Supplied data:
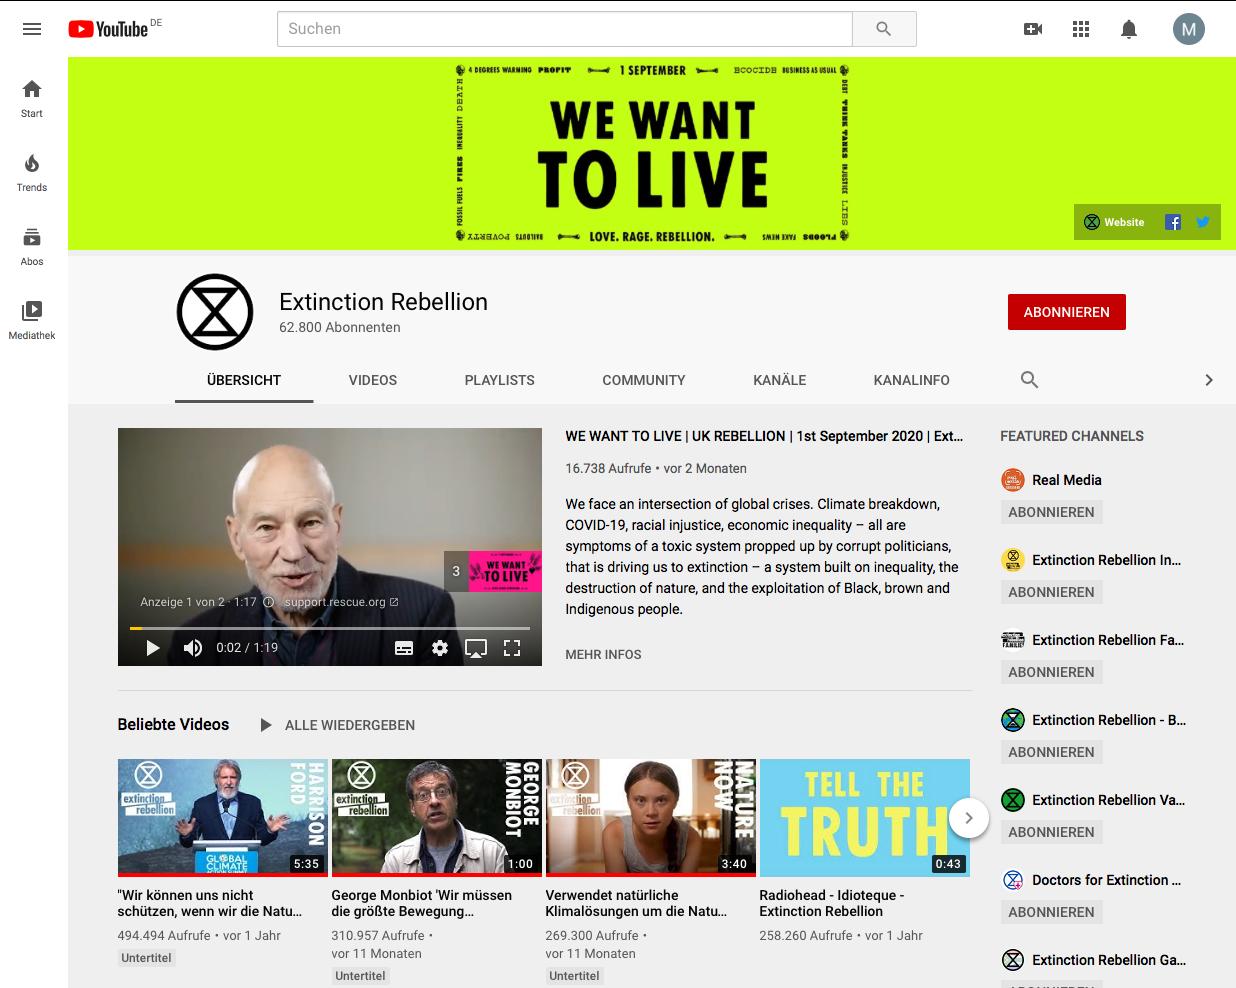 Abb. 28: Screenshot des Youtube-Kanals der Extinction Rebellion am 9.9.2020
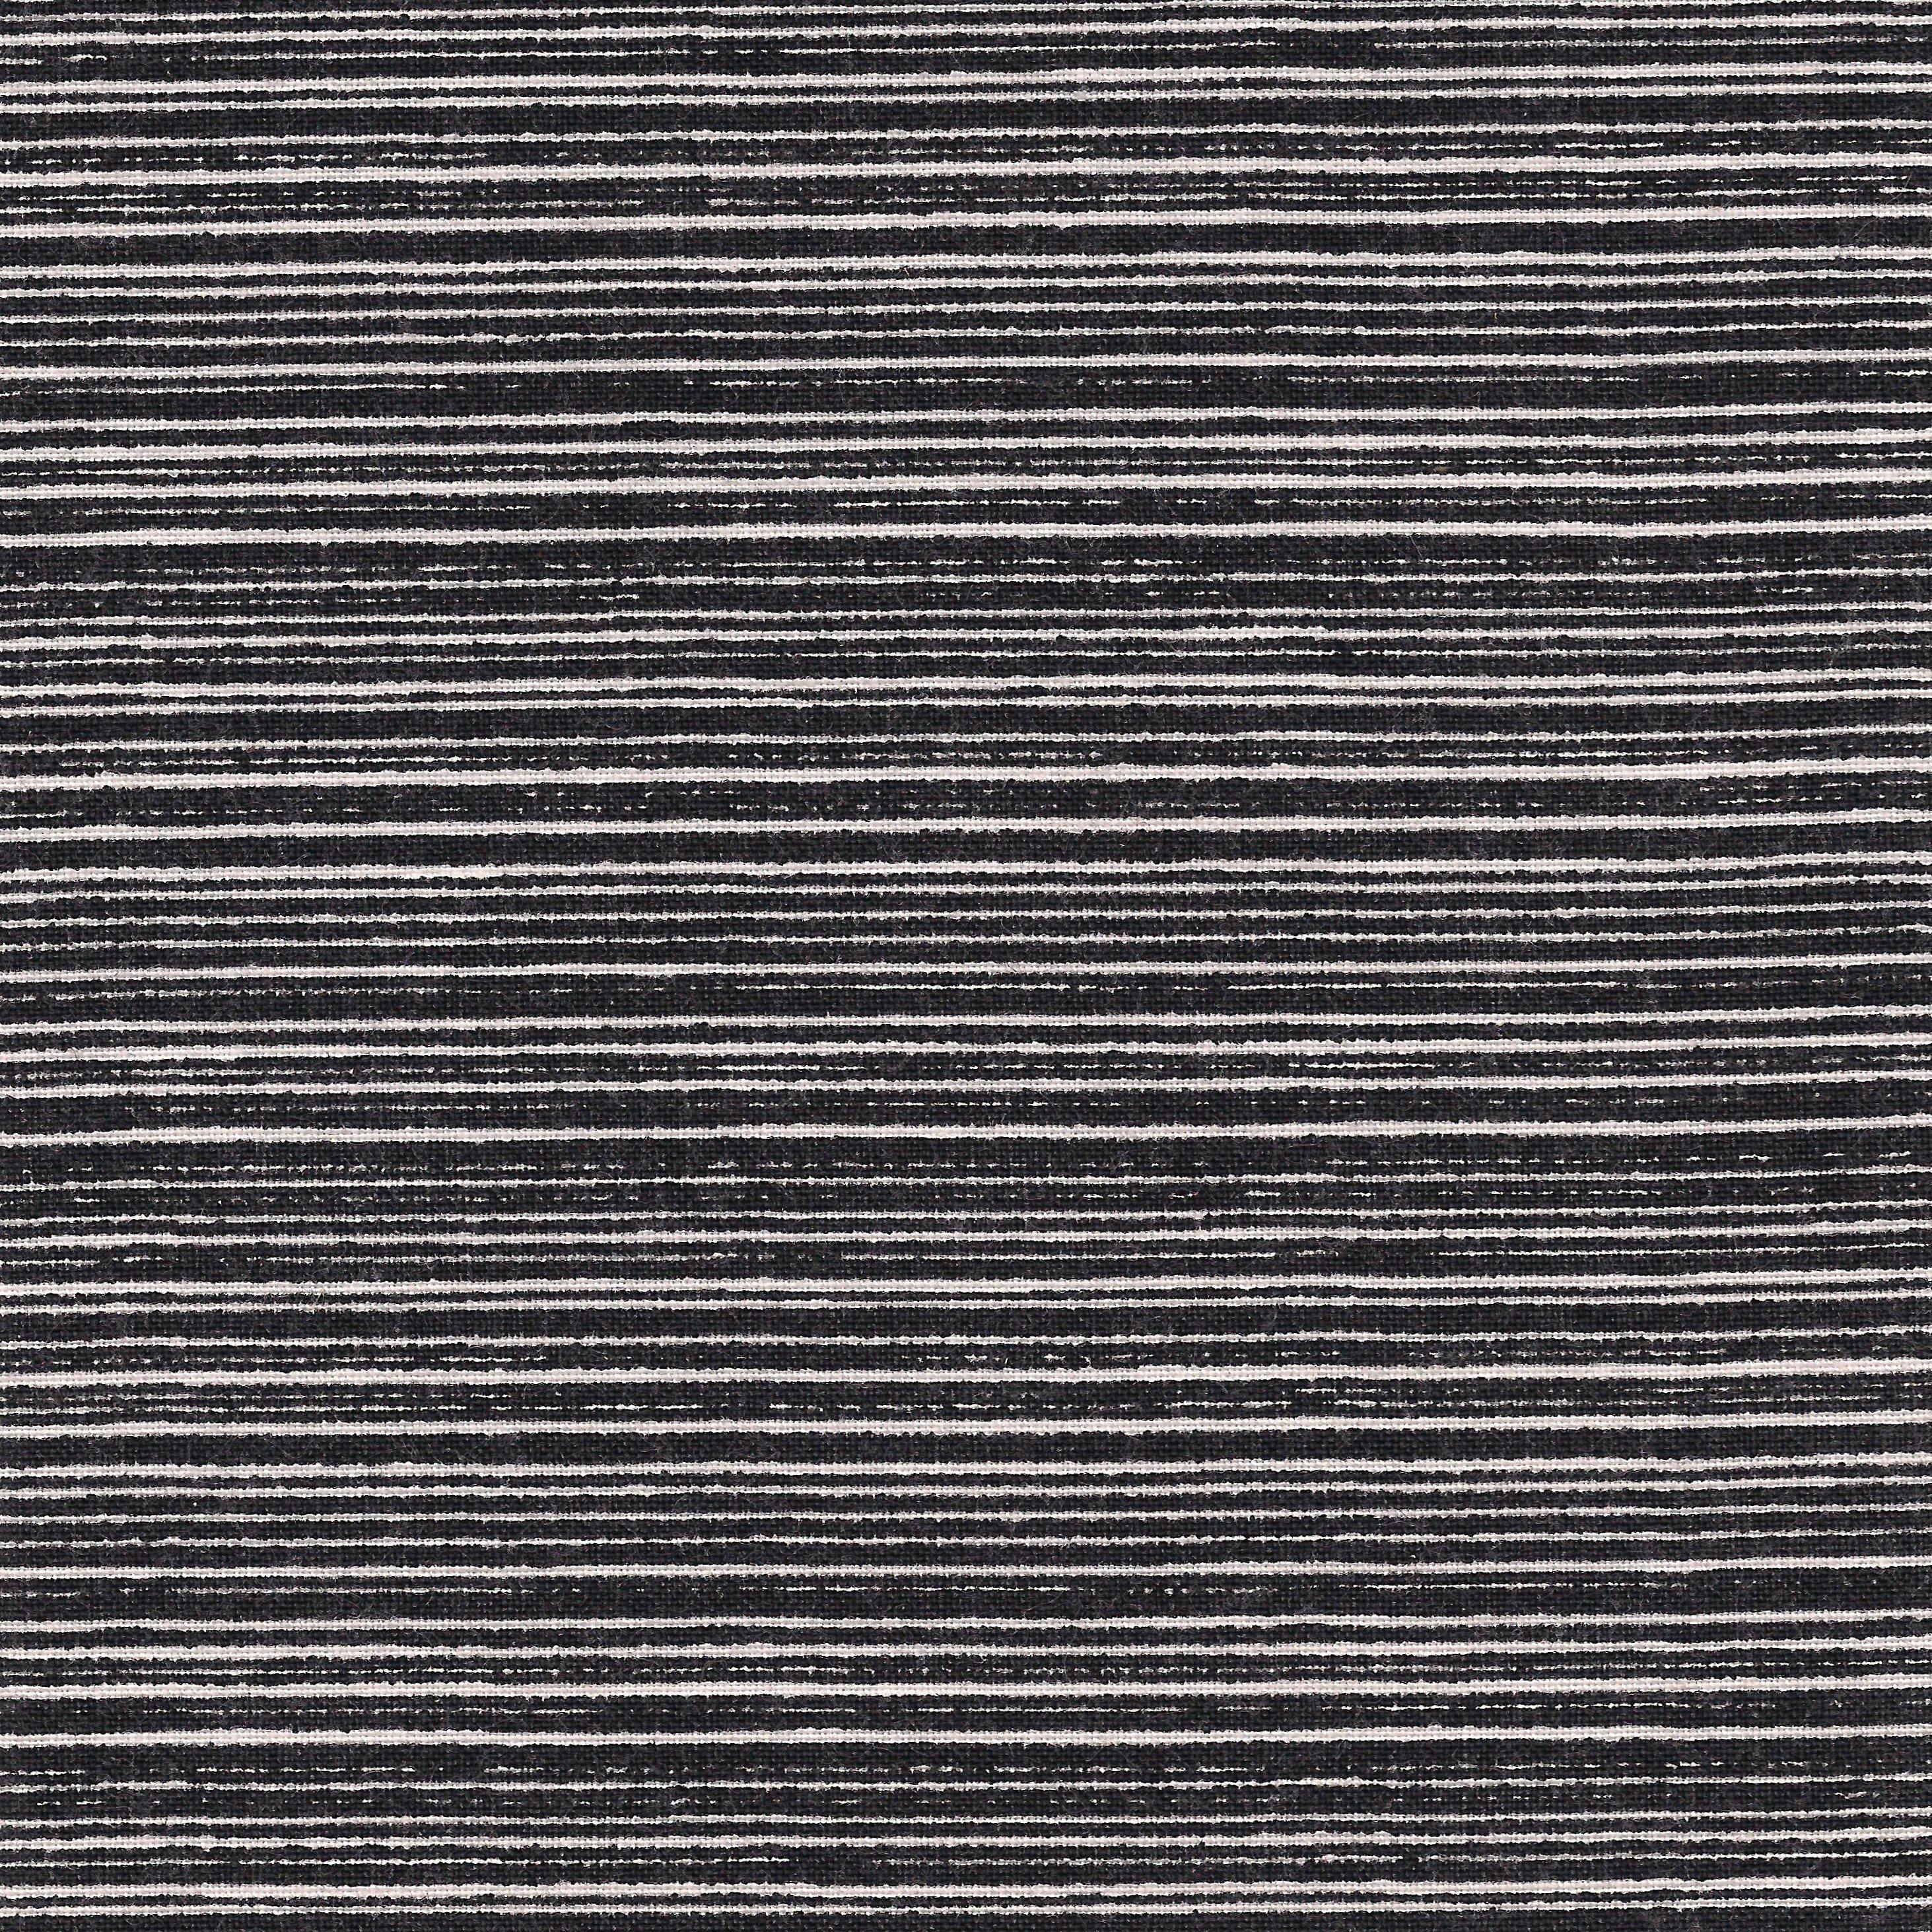 Man Wearing Black and White Stripe Shirt Looking   Pexels
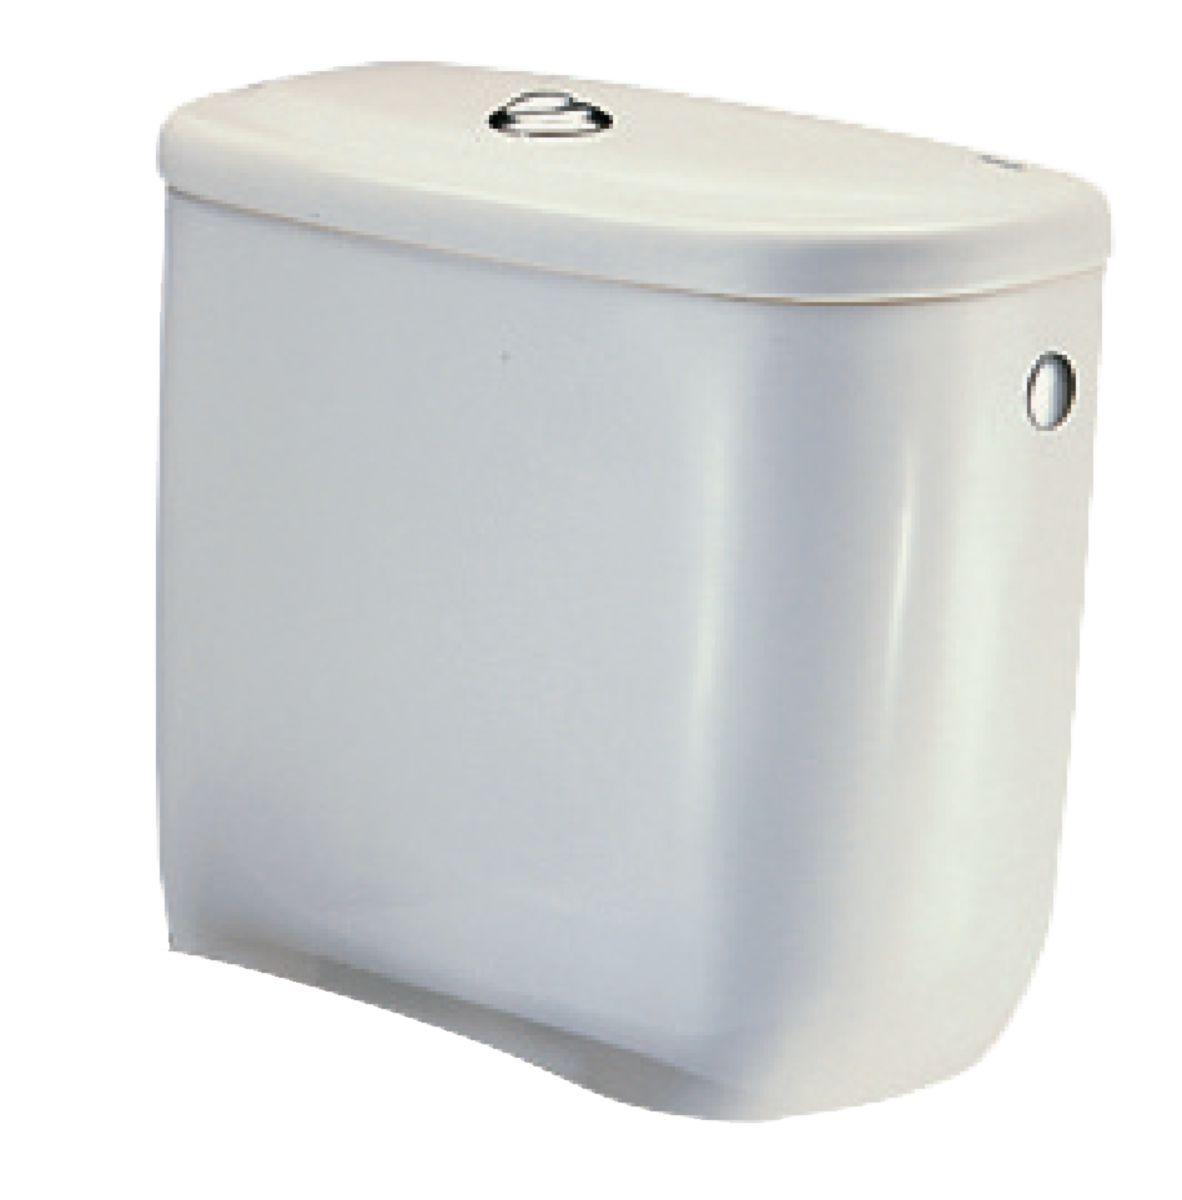 resevoir wc capteur photo lectrique. Black Bedroom Furniture Sets. Home Design Ideas

Task description: Once the line with "Man Wearing Black" is found, output it and every line after it through the end of the listing, exactly, without pictures.

Output of the exercise:
 Man Wearing Black and White Stripe Shirt Looking   Pexels
 resevoir wc capteur photo lectrique. Black Bedroom Furniture Sets. Home Design Ideas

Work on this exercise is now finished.